As California attempts to weather its current fiscal crisis, sacrifices will have to be made. The budget will need to be cut, and taxes may need to be raised. But we must carefully consider whom we will ask to sacrifice.
We should be able to ask our state universities — which, as we all know, provide generous salaries to their faculty and staff and bargain-basement tuition prices for their students — to make do with a little less. But there is one area where we cannot afford to cut any further: the California Department of Corrections and Rehabilitation.
After all, California’s prison budgets have already been cut to the bone, as evidenced by the fact that the state only spends about $50,000 per prisoner a year (the most of any state in the country), according to The Bay Citizen. That really isn’t so much when you think about it — it’s less than the cost of room, board, tuition and living expenses for a nonresident student attending UC Berkeley.
In 2006, the average correctional officer earned a meager $73,248 per year — only about 20 percent more than UC assistant professors with doctorates, according to a USC law school report. Even including overtime, only about 6,000 guards took home six figures, with the highest payout at just over a quarter million dollars. And forget retirement security — guards must wait until age 55 before they can retire with 85 percent of their final year’s salary (and medical benefits) for the rest of their lives.
Critics have pointed out that these salaries are the highest of prison guards in any state and are about twice the national average, but this fails to take into account California’s high cost of living. A representative of the prison guards union, Ryan Sherman, put it too lightly when he told NBC Bay Area “I don’t know that they’re paid too much. I think they actually deserve more.”

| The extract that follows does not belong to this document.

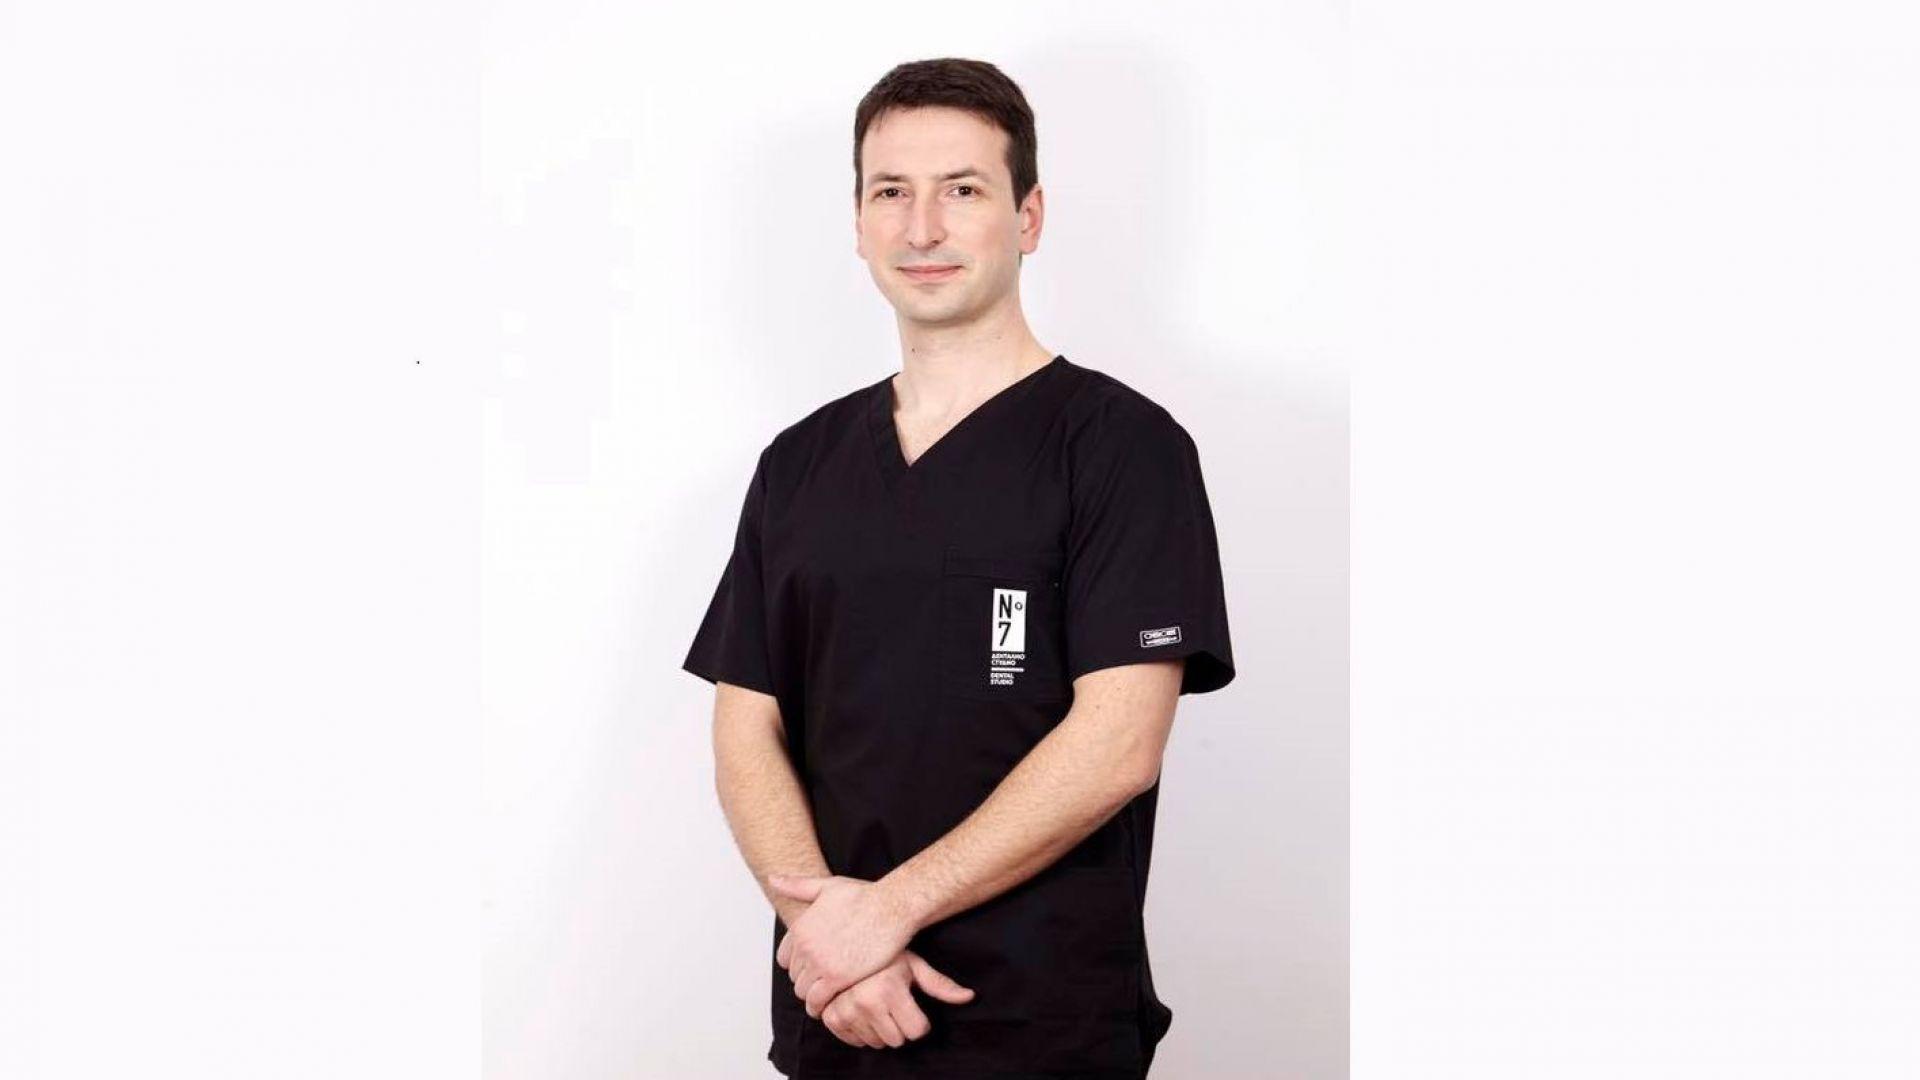 Д-р Иван Станчев: Заведете детето си на стоматолог още с поникването на първите зъби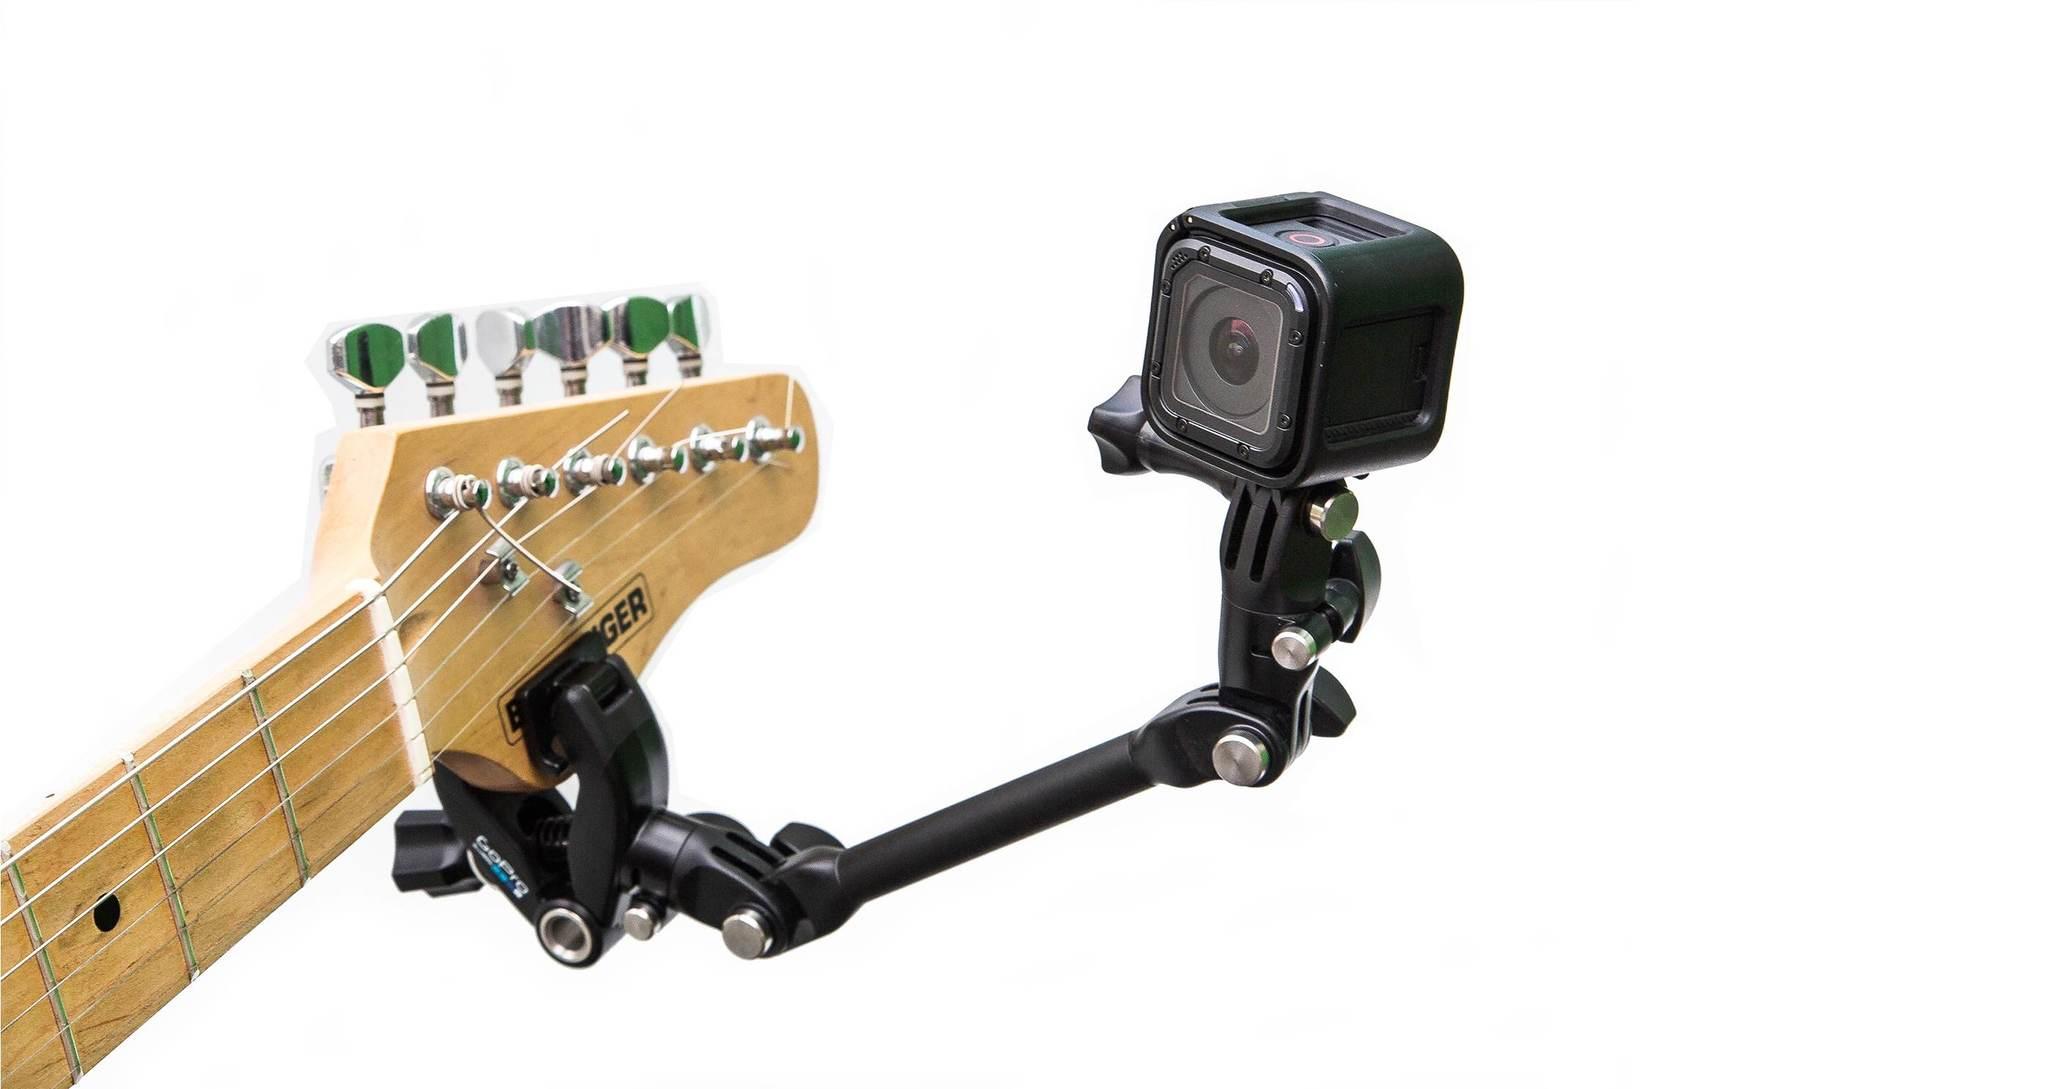 Крепление для музыкальных инструментов GoPro AMCLP-001 The Jam-Adjustable Music на гитаре

Even if prison guards’ compensation were excessive, reductions in guard pay should be ruled out for practical reasons — when Gov. Arnold Schwarzenegger failed to support a contract favored by the prison guards union, which has spent millions lobbying Sacramento, it mounted an effort to recall him.
So, now that we’ve ruled out capping guards’ salaries, let’s look at other misguided proposals to reduce prison costs. One example is Proposition 36, which will appear on the November ballot. Proposition 36 — in an ill-advised effort to alleviate prison overcrowding and make sentences more humane — would reform California’s enormously expensive three strikes law, which the prison guards union has historically backed.
Some observers might be confused as to how the union’s support for prison cost reduction and its commitment to “help inmates turn their lives around” squares with its support for California’s three strikes law and its expenditure of millions of dollars to defeat virtually every treatment program for drug offenders, even though these programs have been proven to reduce costs.
Cynics and conspiracy theorists might even explain the union’s political predilections by claiming that it actually profits from pro-incarceration policies, which lead to more prisoners, more prison guards and thus more political clout for the union, which the UC Berkeley Institute of Governmental Studies calls “one of the most powerful political forces in Sacramento.” But the fact is that the union has put forward the only sensible ways to save money on incarceration, like cutting medical care for inmates, canceling California’s contract with the federal Employment Development Department — which helps paroled inmates find jobs — and hiring more guards to reduce current guards’ overtime.
The efficiency and cost-effectiveness of the corrections department stands in stark contrast to the bloated bureaucracy and inflated salaries that characterize the UC system. Tenured UC Berkeley and UCLA faculty now earn about $40,000 per year less than they would at the university’s private-sector competitors. Shouldn’t UC faculty accept significantly lower wages in the name of public service?
Meanwhile, UC students demand enormous government subsidies for their education and protest ungratefully every time the regents raise their tuition. How will we ever convince them — and, for that matter, the rest of the 47 percent of Americans who are dependent on government — to take personal responsibility and care for their lives?